People can call me out if this sounds like a horrible idea....

Instead of going full on N application, I'm going to do a humic/kelp/fulvic + micro dose of FAS as my first spring application, and to be applied via backpack sprayer.

My soil temps have been nearing 50 degrees over a 5 day average, but keep getting cold spells in between nicer & warmer weather. I'm not close to mowing yet. The grass has greened up some, but I think there is a difference of grass greening up vs. fully coming out of dormancy.

I stumbled across the Turf Mechanic video on a first spring application, and I found it compelling and was able to logically follow (link below)

Here is my plan.

I have humic/kelp/fulvic (HKF)blend from kelp4less. I want a small dose of Fe and just a smidge more of N then in typical FAS, so using a touch more of Ammonium Sulfate.

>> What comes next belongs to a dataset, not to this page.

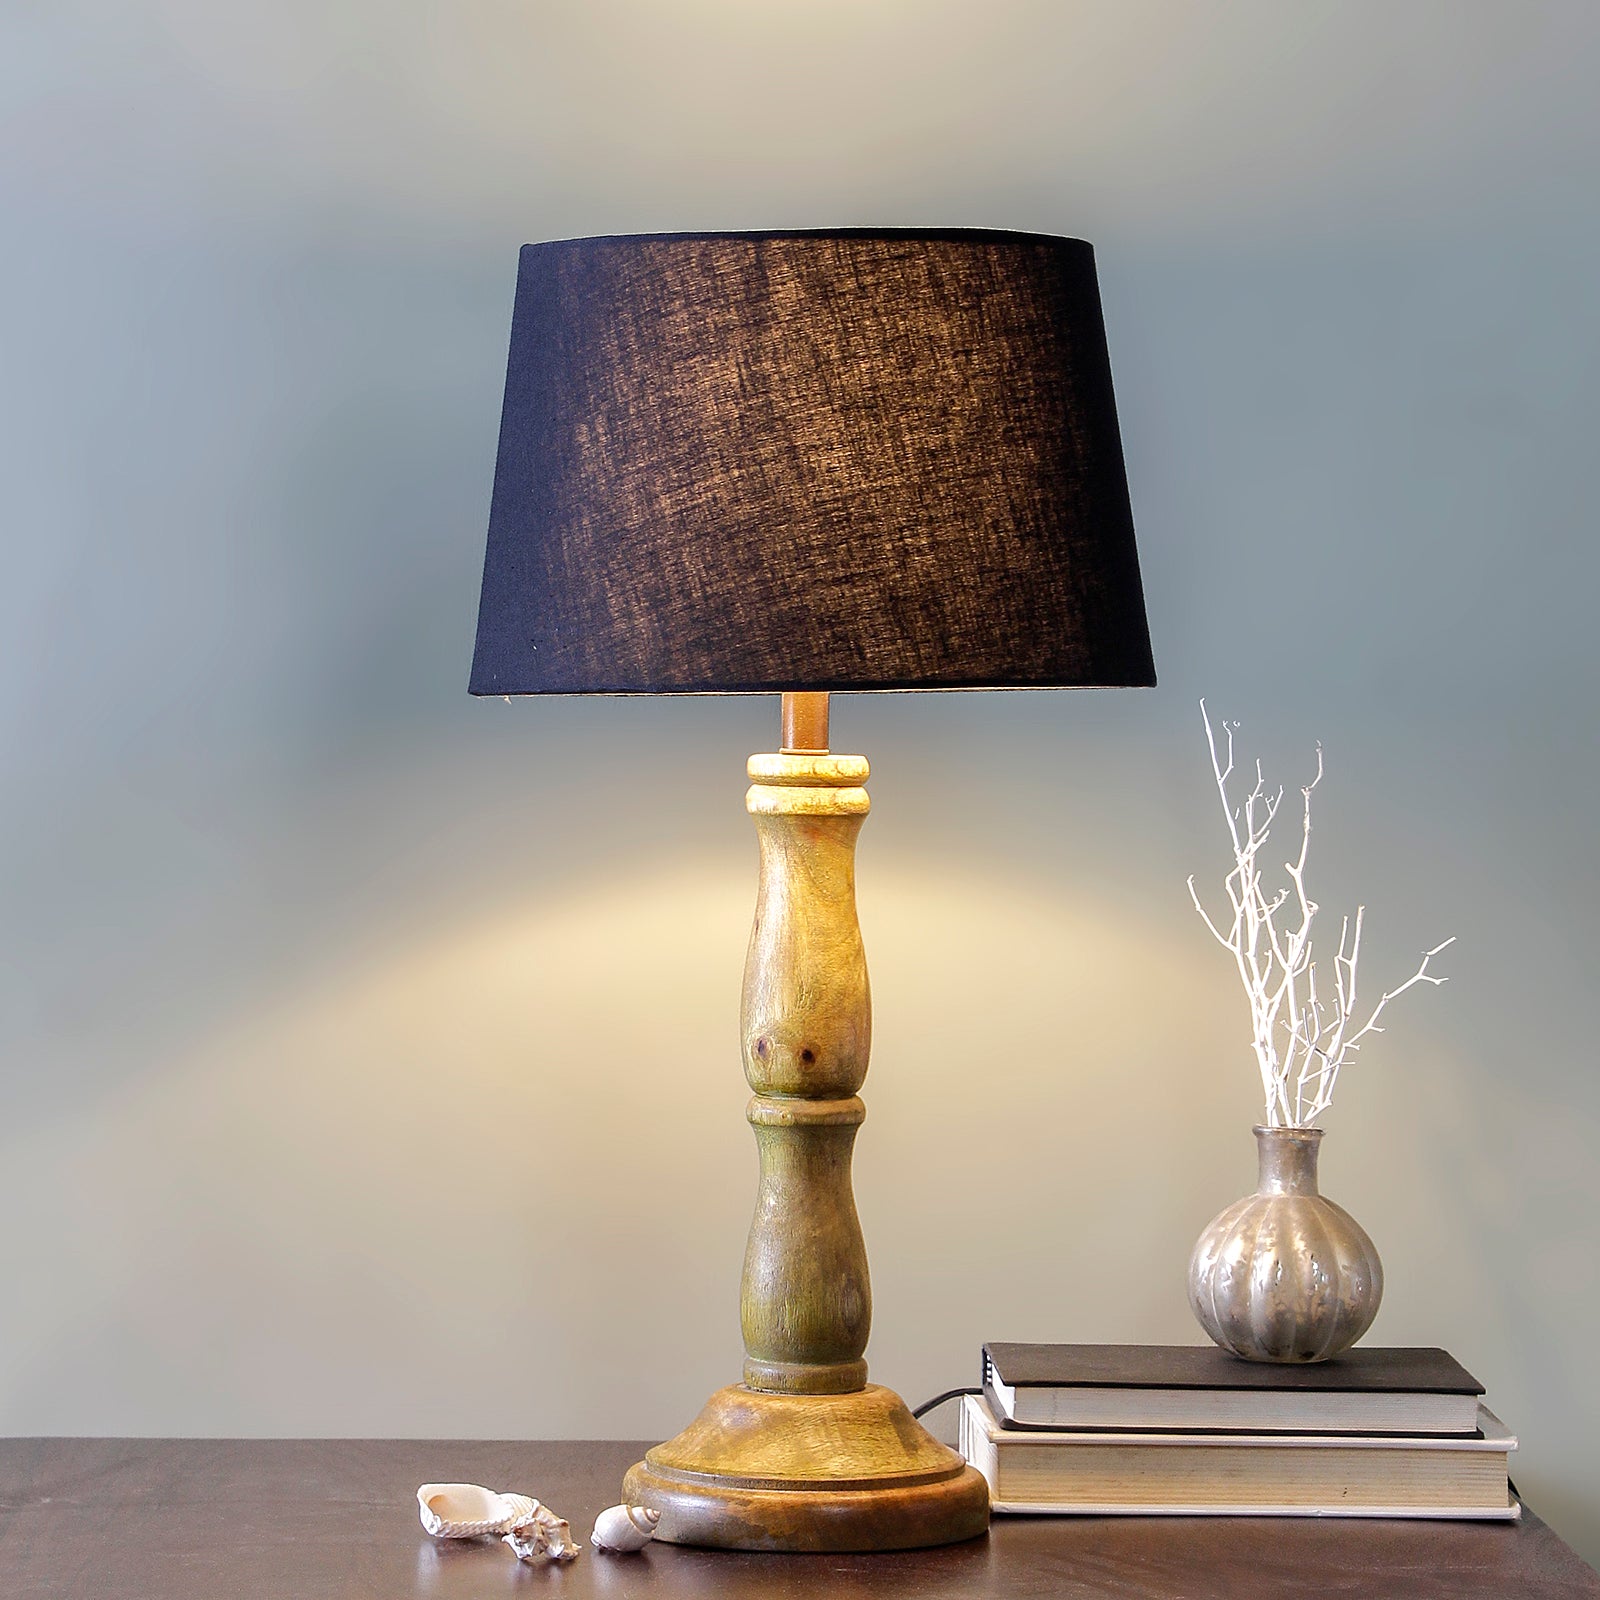 Charlotte Wood Table Lamp

Here is my formula for 1 gallon per 1k sq ft:

1/2 tsp of citric acid 
1/2 tsp of HKF
1.0 oz Ferrous Sulfate
5.0 oz Ammonium Sulfate

https://m.youtube.com/watch?v=hcZ0dMxf1cQ


----------



## corneliani (Apr 2, 2019)

I don't think its a bad idea but not necessarily due to the 'HKF' concoction, as there's no nutrient value in that, but mainly since the turf will have its natural reserves to help it out of dormancy and no super amounts of N is necessary. If you didn't apply a late-fall/early-winter fertilizer it may need a bit more than your 5oz AMS though, but you should be able to visually tell if so. 
What would a full N application look like to you, btw? For me that's 3/4# of N around March 1st.


----------



## Slingblade_847 (Apr 13, 2020)

@corneliani I see your down south, so March 1st to you is much different then up here in Chicago land. For KBG, I'd consider a full N app at a full pound. However, my lawn isn't a year old yet, so I'm planning to spoon feed @.25lbs/week. So I'm not looking to hit the N hard just yet. Honestly I'm on the fence with the HKF and if it holds nutritional value. I guess the theory is it will unlock what is there now. I spent like $20 from kelp4less on a bag that will probably last years so I'm indifferent on using it, and just figure...what can it hurt?


----------